Published:October 06, 2020DOI:https://doi.org/10.1016/j.jneb.2020.08.009

      Abstract

      Objective

      To determine if counting and goal setting can increase red/orange vegetable intake.

      Design

      Pre-posttest experimental.

      Setting

      Midwestern university.

      Participants

      Undergraduate students (n = 165).

      Intervention

      Those in the intervention group (n = 85) were asked to count the number of times they ate red/orange vegetables and set a goal to eat 1 more time.

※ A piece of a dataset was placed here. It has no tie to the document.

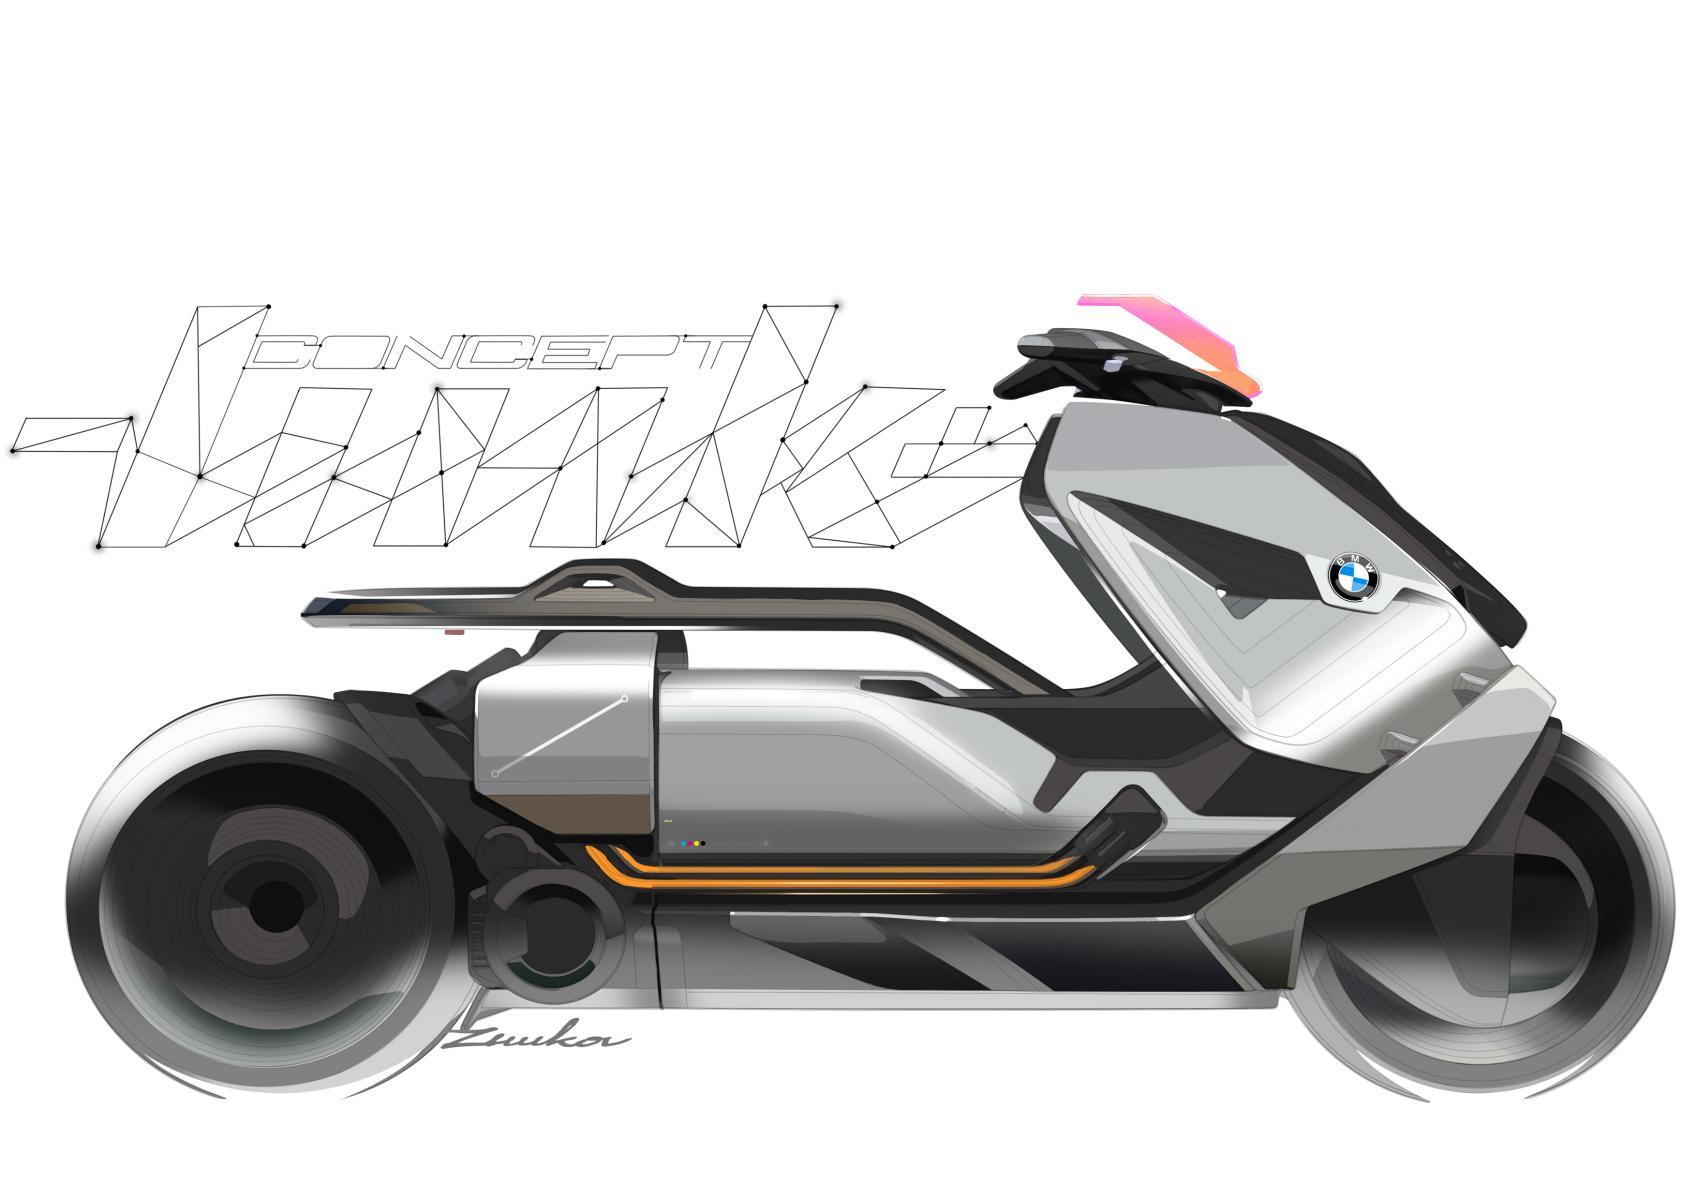 P90260587_highRes_bmw-motorrad-concept_01 拷貝.JPG
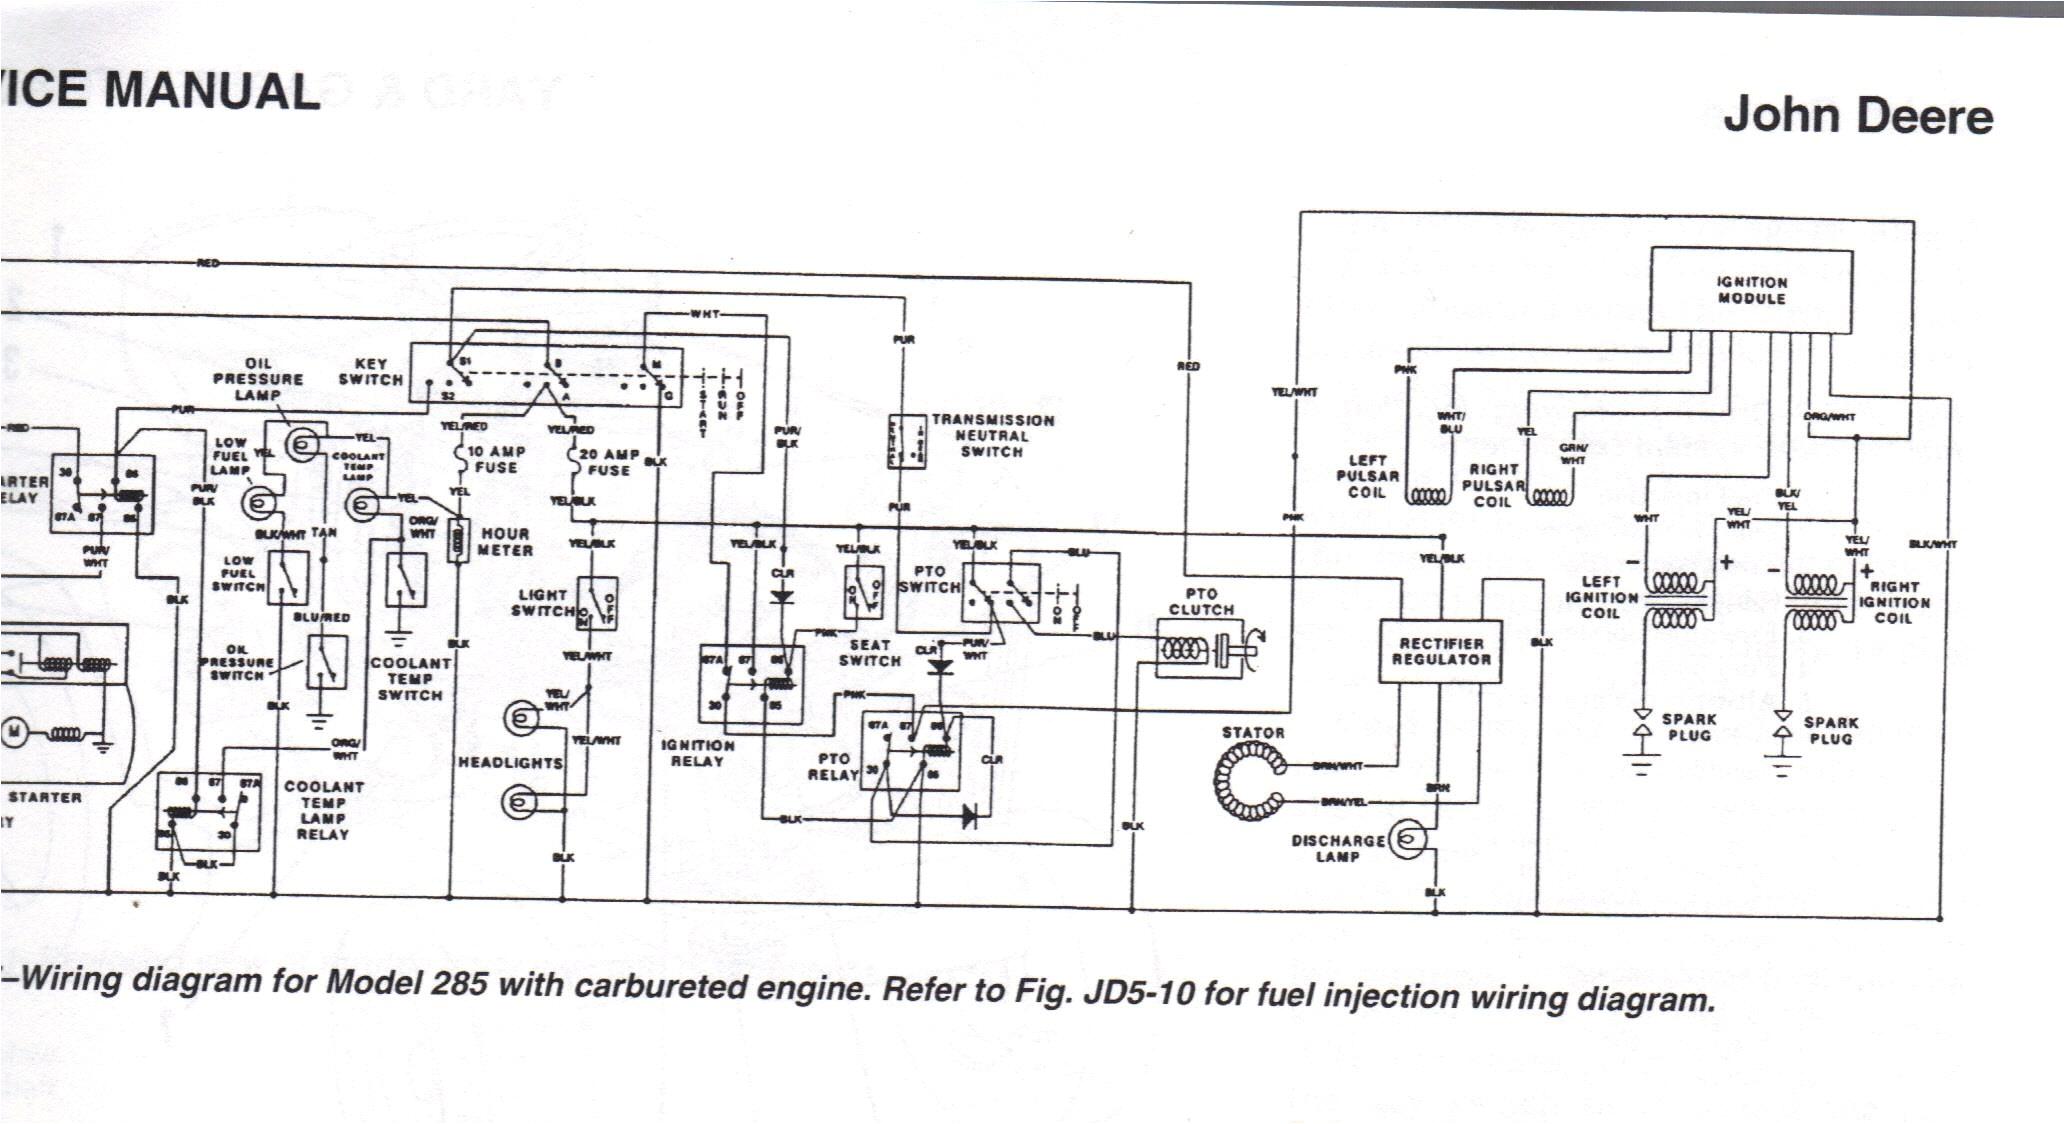 john deere lx280 wiring diagram wiring diagram techniclx280 wiring diagram 2

      Main Outcome Measure

      An estimate (number of times/d) of vegetable intake based on an independent review of uploaded photographs and descriptions of meals from smartphones.

      Analysis

      Generalized estimating equations.

      Results

      For the intervention group, mean frequency intake increased from 0.9 times/d on Monday to 1.6 times/d on Tuesday and to 1.3 times/d on Wednesday, whereas mean intakes for the control group were 1.0, 0.8, and 0.8 times/d, respectively. There were significant group × time interactions for Tuesday (β = 0.8; P < 0.001) and Wednesday (β = 0.5; P = 0.006).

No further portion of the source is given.